Camille a murmuré: «J'aurais pensé qu'elle en serait habituée maintenant».

Et Lia n'aime pas les sandwichs que je prépare pour son déjeuner. Elle dit que les vôtre sont mieux.

Marilou s’est mise à rire. « Les miennes viennent du Sobeys Express. Mes enfants sont de telles idiotes. »

Camille a étouffé son thé.

Brigitte se sentait embarrassée. Marilou pourrait être grossière, parfois vulgaire. Elle était l'opposé polaire de Brigitte, en fait. Même leurs corps étaient remarquablement différents. Brigitte était de taille moyenne, un peu mince peut-être, avec des cheveux asiatiques qui ne feraient rien d'autre que de descendre droit sur le dos.

Marilou, en revanche, était courte et grosse (elle l'a dit elle-même, donc ce n'était pas une insulte) avec de grosses nichons qui mettaient toujours sous pression ses boutons de chemises. Cheveux blonds, grandes boucles.

Personne ne pouvait apprivoiser Marilou. Même le mariage n'a pas fait l'affaire.

Si elles étaient si drastiquement différentes, pourquoi le cœur sain de Brigitte palpitait-il chaque fois que Marilou traversait son chemin?

Eh bien, je ferais mieux d'y aller à mon bureau, a déclaré Brigitte. Je suis déjà en retarde, et vous savez quel ogre M. Cummins peut être.

Attends, a dit Marilou. Avant que tu partes …

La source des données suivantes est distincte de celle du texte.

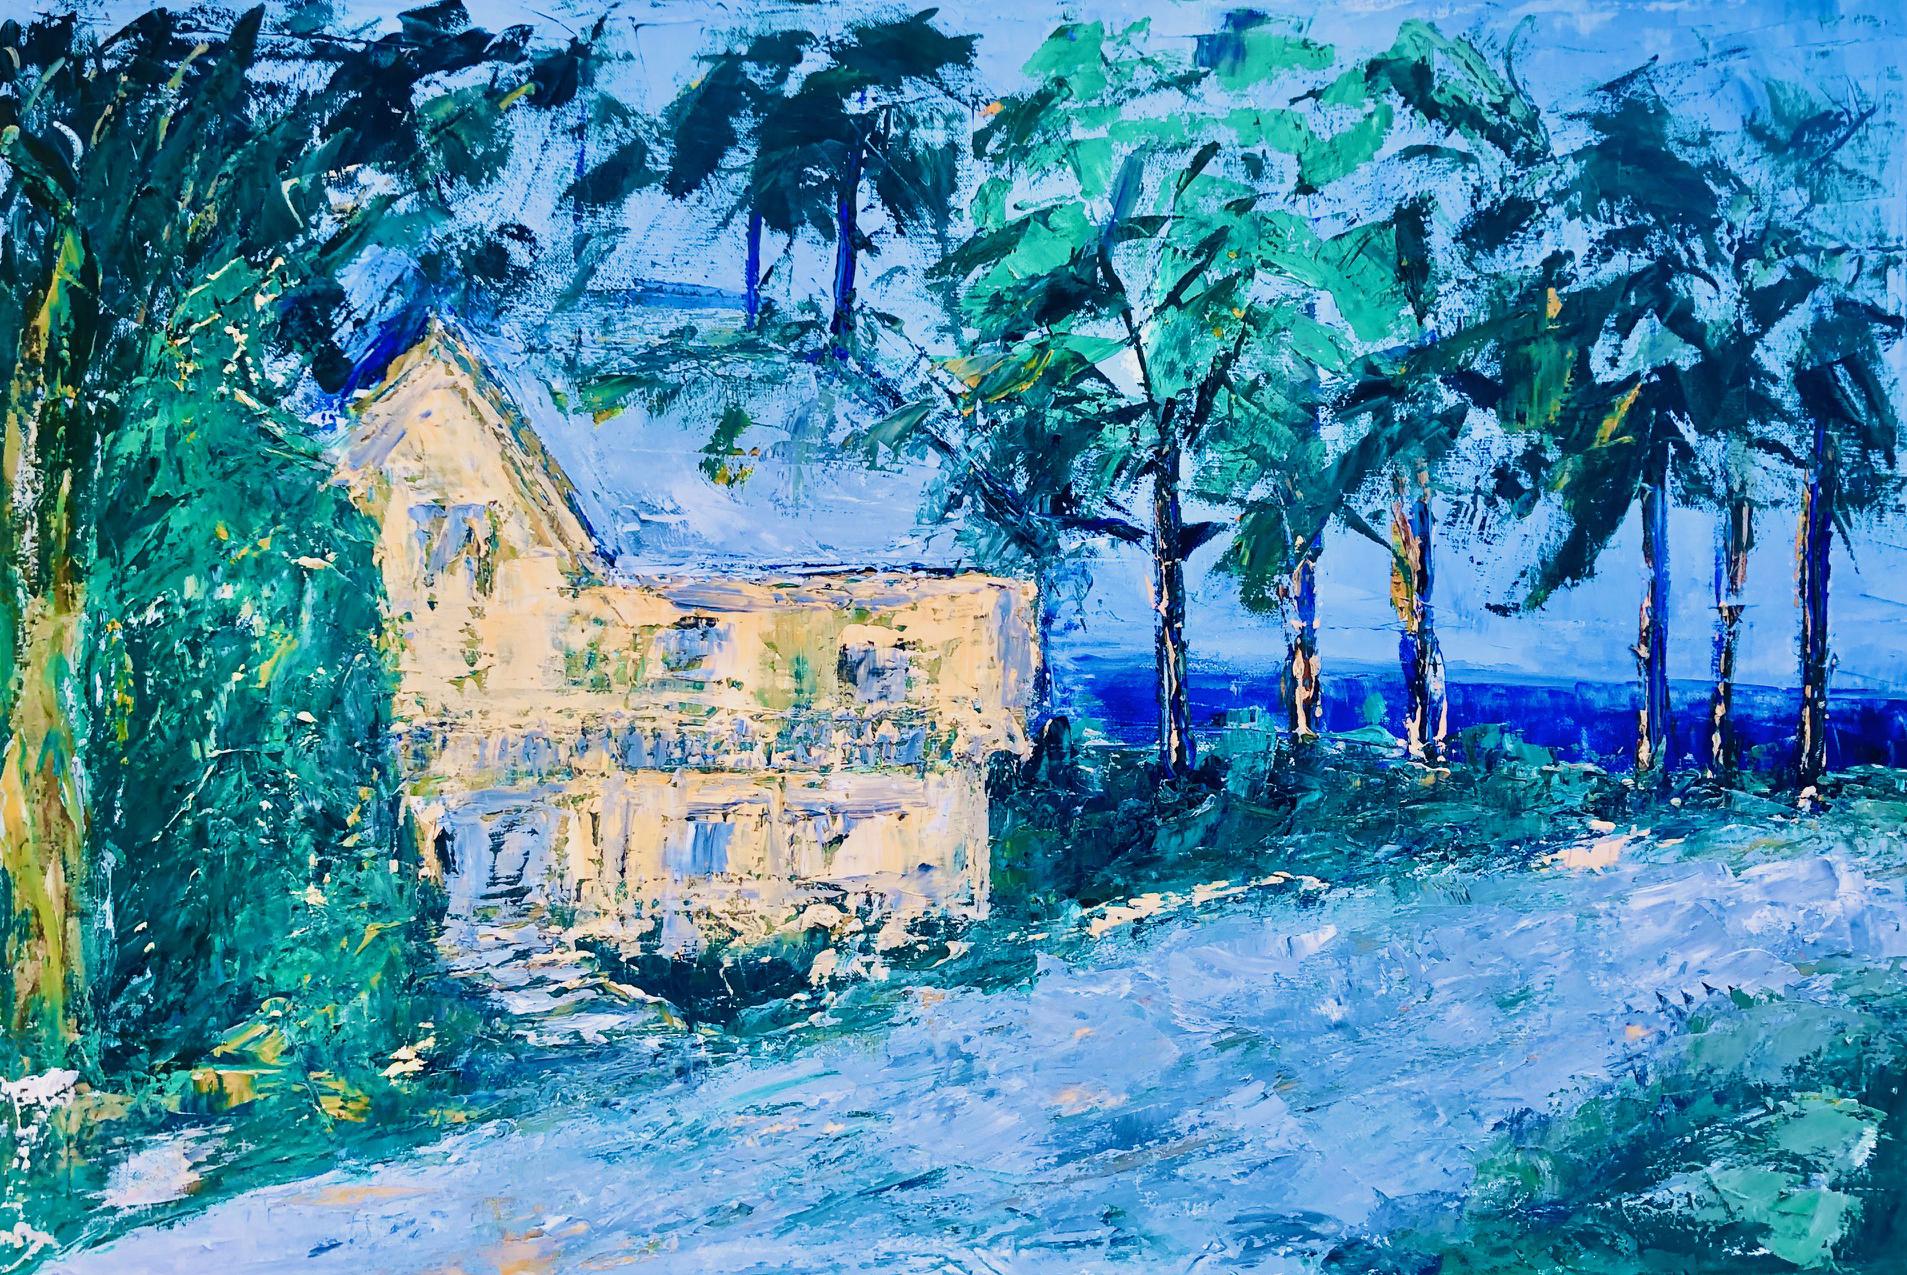 Chautauqua House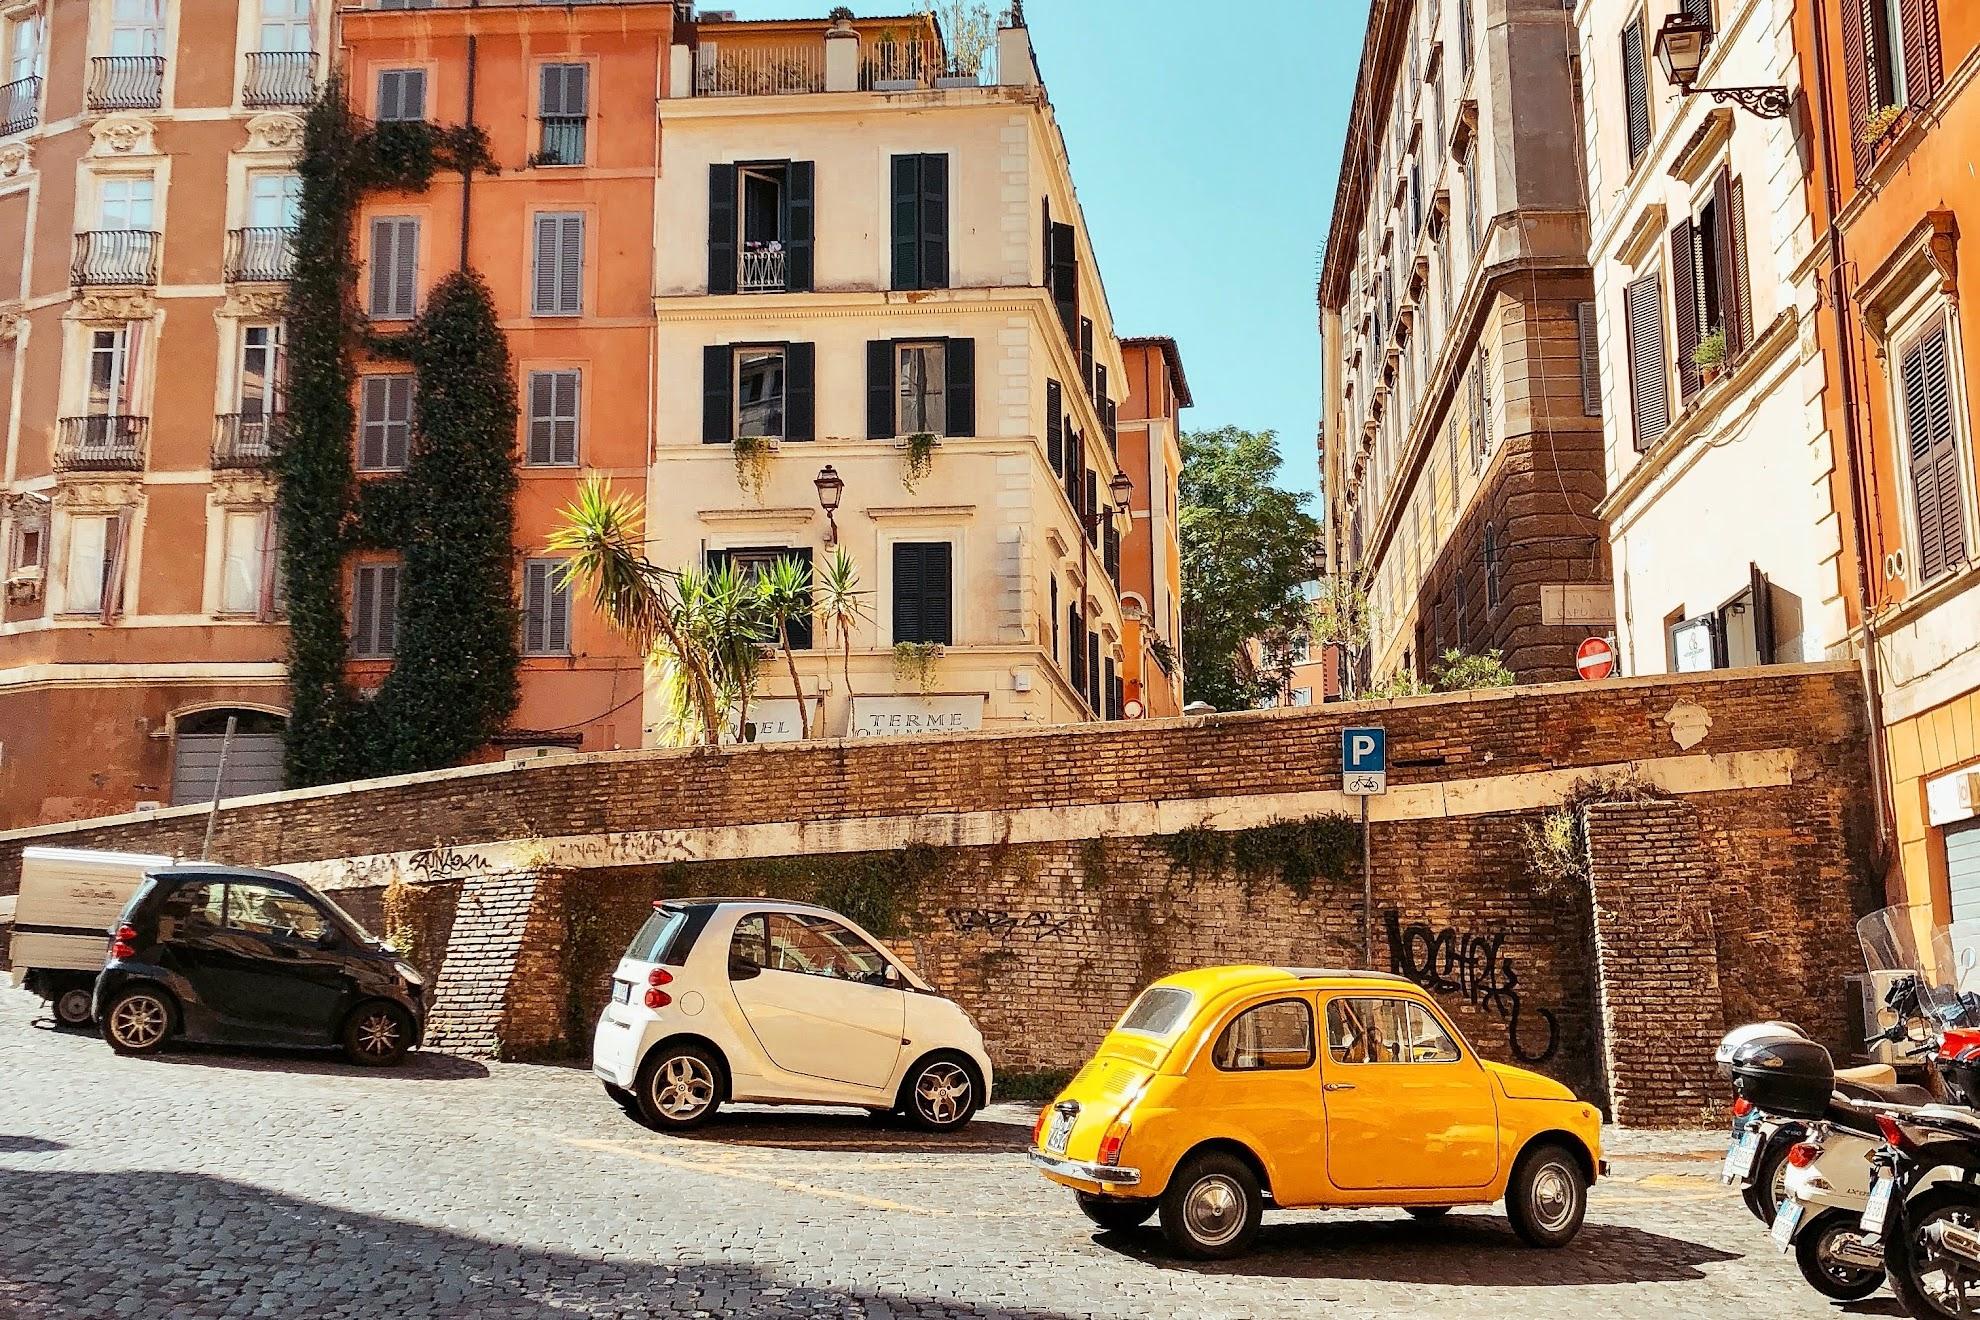 hippe-wijk-rome

Enfin, Marilou remercierait Brigitte du fond de son cœur pour les trois soirées qu'elle avait passées faire du baby-sitting pour Lia et de Nikki, les trois nuits qu'elle avait passées à dormir complètement habillées dans le sous-sol de Marilou, les trois matinées auxquelles elle était arrivée au boulot dans la même tenue froissée ...

Je déteste demander, a déclaré Marilou. Mais peux-tu garder les enfants encore une fois ce soir?

Camille a saisi le poignet de Brigitte, comme pour dire le je vais vous tuer si vous disiez oui!

Je ne sais pas, a déclaré Brigitte à Marilou. J'aimerais vraiment rentrer chez moi et prendre ma douche, tout cela.

Tu peux! Dès que je reviens de la conférence des parents.

Brigitte a poussé un soupir de soulagement.

Camille a grogné.

Une conférence à l’école? Eh bien, oui, je peux garder les filles. Pas de problème.

Camille a relâché son emprise. « J'abandonne !

Marilou, vous allez rentrer par ... quoi ... dix-neuf heures ... et demi ...?

Marilou a déposé son miroir de maquillage et a souri dans la direction générale de Brigitte. « Vingt heures au plus tard. Vingt-et-une heures au plus plus tard. »

Allez au travail, a dit Camille à Brigitte. M. Cummins va vous manger en vie.

Il n'y avait qu'une seule personne par qui Brigitte voulait être mangé, et ce n'était certainement pas M. Cummins.

Brigitte s’est rendue à la routine quotidienne, mais Camille est bientôt apparue à son bureau.

Toujours en regardant son écran d’ordinateur, Brigitte a déclaré: « Ne commencez pas.

Je ne commence pas. Je n'ai pas à commencer. Tu sais bien c’que je pense.

Je sais que je sais, alors ne commencez pas.

Je ne commence rien.

Camille a ajusté les sangles de son débardeur, qui continuait à tomber de ses épaules. Elle était la seule femme Brigitte connaissait qui pouvait arriver au travail sans porter de soutien-gorge et ne pas sembler sexuelle. C'était probablement parce que ses seins étaient si petits, presque inexistants, même moins spectaculaire que les seins de Brigitte.